Рузвельту выгодно было завладеть привлекательным, «передовым» словом также и для противодействия силе консервативных символов, создававшихся в обществе годами. И Рексфорд Тагвелл, и Термонд Арнольд перечислили ряд «священных слов», захваченных консерваторами. «Индивидуализм», полагали Тагвелл и Арнольд, использовался некоторыми из них в качестве предлога, чтобы не заботиться о неимущих; «независимость» бралась на вооружение, чтобы воспрепятствовать вступлению трудящихся в профсоюзы; а «свободу и отсутствие ограничений» кое-кто из них ухитрялся толковать в том духе, что корпорации — это некие индивиды, которых надо защищать любой ценой. «Право заключать договоры» означало, что Конгресс нарушил Конституцию, установив минимальную заработную плату для женщин и детей, работающих в Вашингтоне (округ Колумбия)273
, 274.Рузвельт должен был противодействовать этим старым священным словам, отчасти определяя их по-иному, отчасти используя новый символ. Ему необходимо было уяснить функции символов, чтобы, выражаясь словами Термонда Арнольда, «вызвать у людей такой же энтузиазм относительно разумных вещей, какой они испытывали в прошлом относительно безрассудных и разрушительных предприятий». Недостаточно было того, чтобы правительство помогало неимущим, поощряло членство в профсоюзе или поддерживало страхование от безработицы: эти меры, которые могли быть оправданы на прагматическом или на гуманитарном основании, Рузвельт должен был оправдать и на символическом уровне.

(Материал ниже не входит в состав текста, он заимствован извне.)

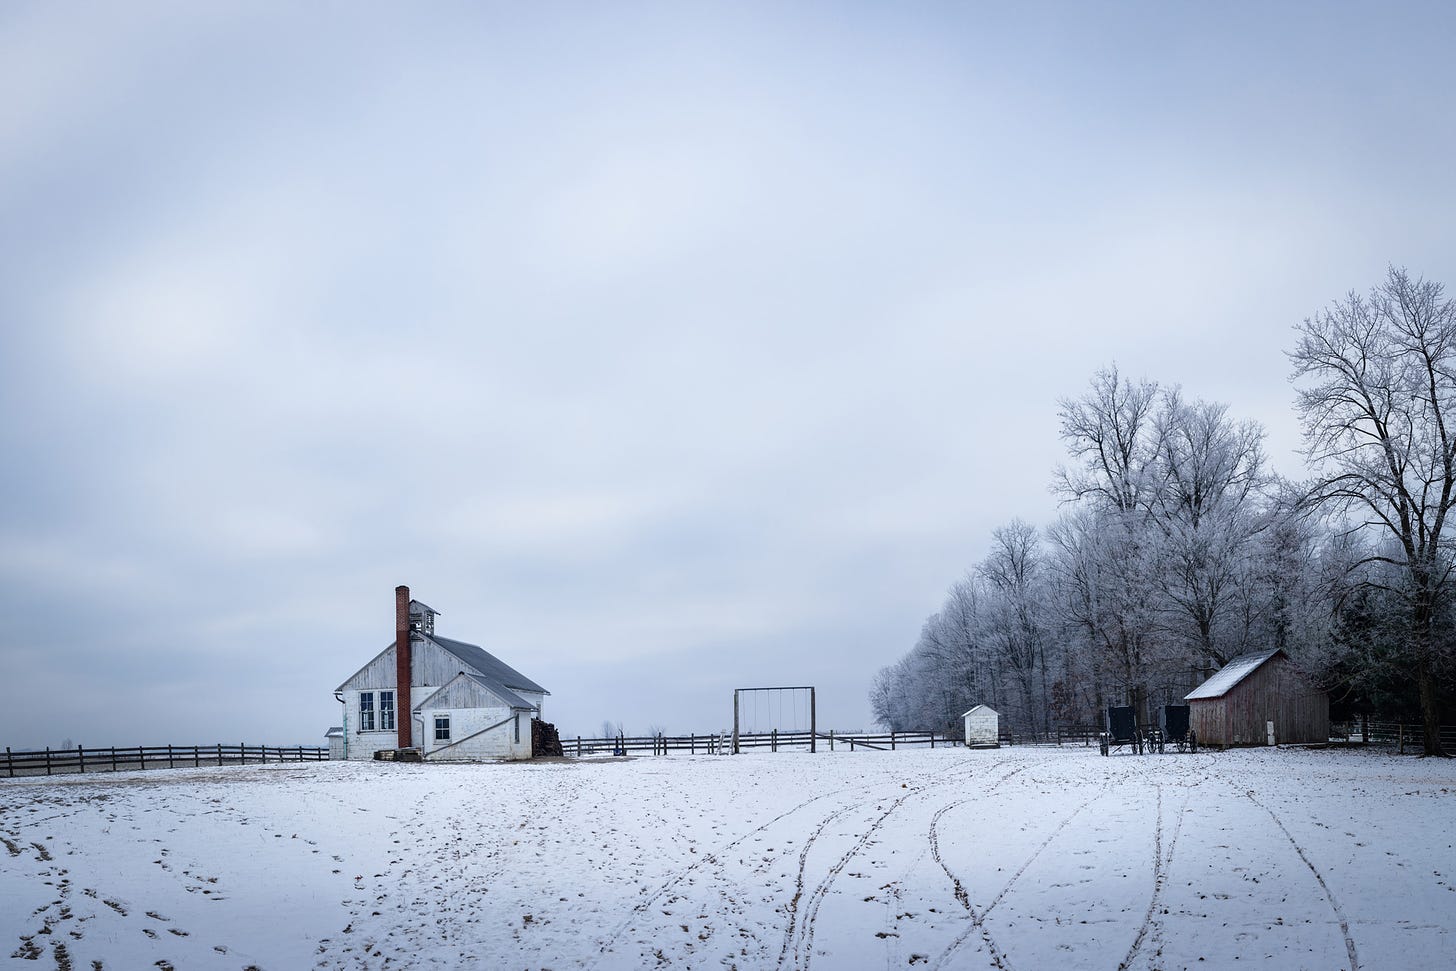 An Amish Schoolhouse in the Snow, used for their 8 grades of education

Как ясно сознавал Арнольд, «те гуманитарные ценности, которые были воплощены во многих институтах, созданных Рузвельтом, и которые не позволяли нам отказаться от этих институтов, следовало связать с некой теологической структурой, способной дать нам покой и уверенность в будущем»275
.Третья главная причина, по которой для Рузвельта было особенно важно идентифицировать себя с помощью термина, имеющего благоприятные коннотации, состояла в том, что он мог использовать это слово-символ, чтобы получить поддержку на выборах от тех, кто не был сторонником Демократической партии. Рузвельту требовался политический символ, который позволил бы избирателям мыслить в иных понятиях, нежели «республиканец» или «демократ». Ассоциируя его политику не со словом «демократический», а с таким словом, как «либеральный», сочувствующий республиканец легче оправдал бы свое голосование за ФДР, поскольку мог бы мысленно сказать себе: «Я за Рузвельта не потому, что он демократ, а потому, что он либерал». Рузвельт использовал этикетку «либеральный», чтобы противодействовать значимому фактору партийной идентификации.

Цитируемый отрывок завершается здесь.